PROBLEM TO SOLVE
Below are the records. Retype exactly the lines between the lines holding "The gorgeous 288" and "Calça Workout Reebok", inclusive.

[EXTRACTED DATA Boundary: Start]

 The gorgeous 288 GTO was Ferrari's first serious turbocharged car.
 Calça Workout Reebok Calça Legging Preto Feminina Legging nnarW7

[EXTRACTED DATA Boundary: End]
[EXTRACTED DATA Boundary: Start]

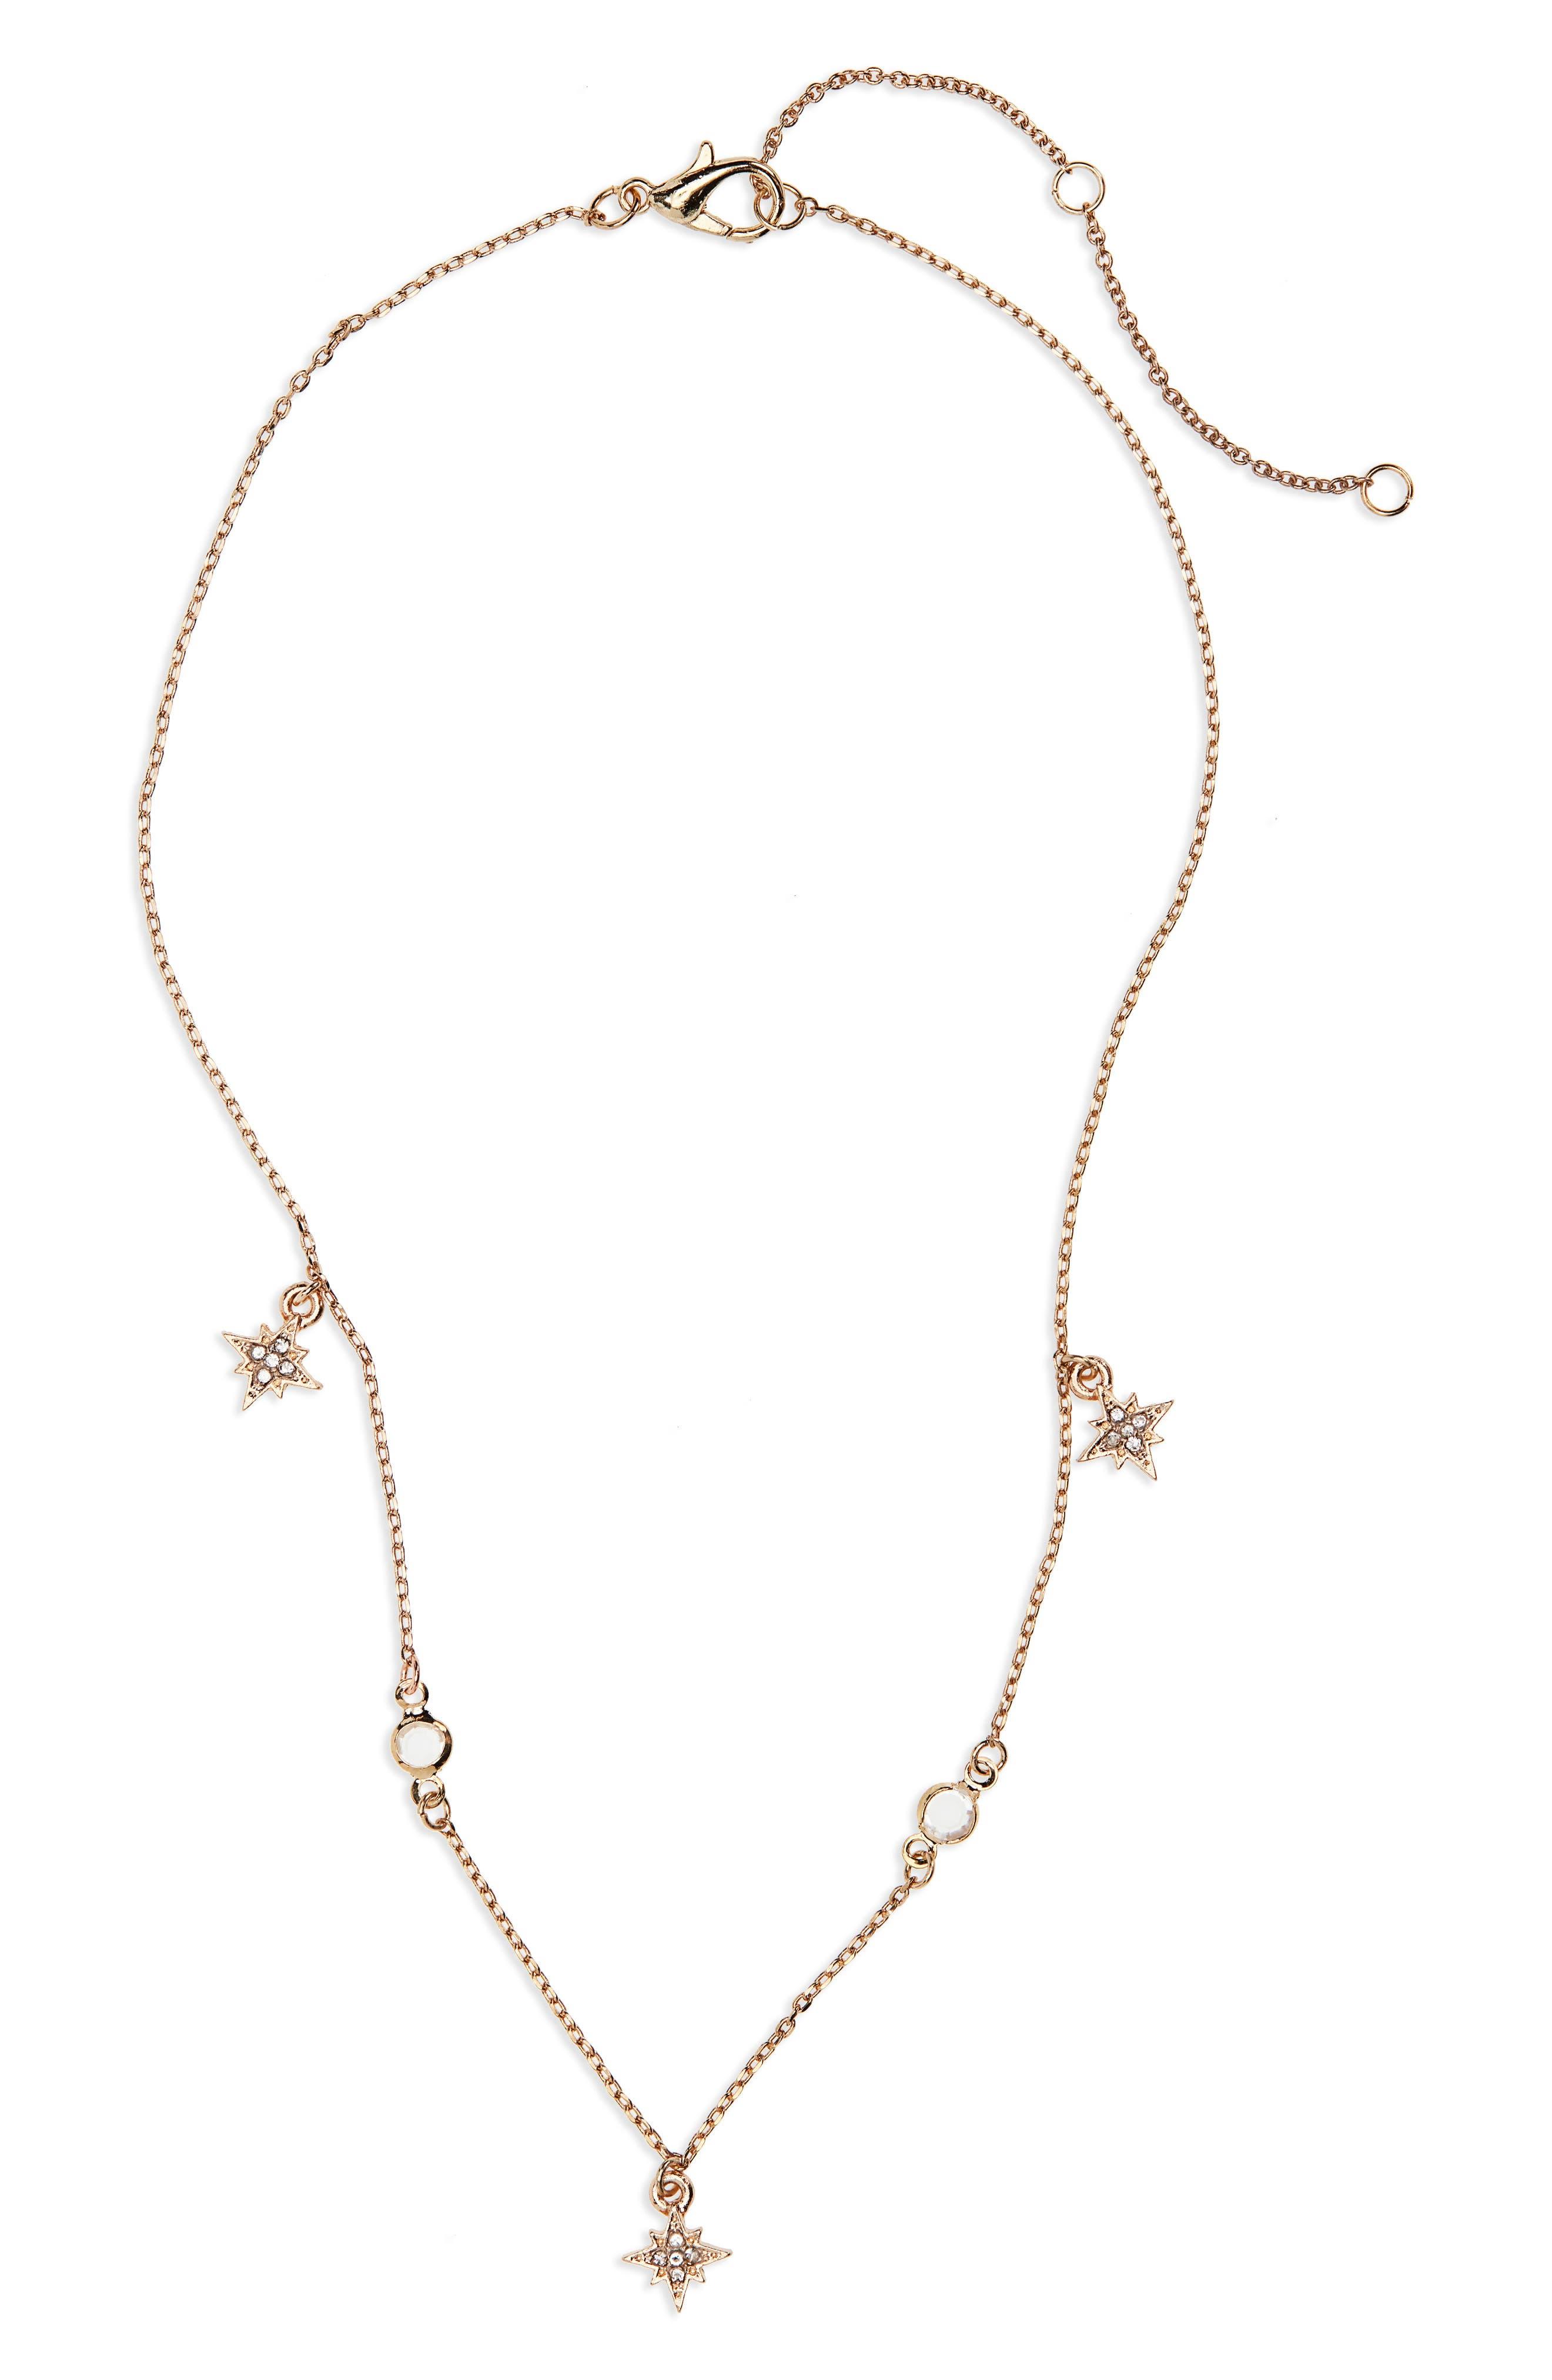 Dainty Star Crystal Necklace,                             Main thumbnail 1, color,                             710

[EXTRACTED DATA Boundary: End]

RESULT
 The gorgeous 288 GTO was Ferrari's first serious turbocharged car.
 Calça Workout Reebok Calça Legging Preto Feminina Legging nnarW7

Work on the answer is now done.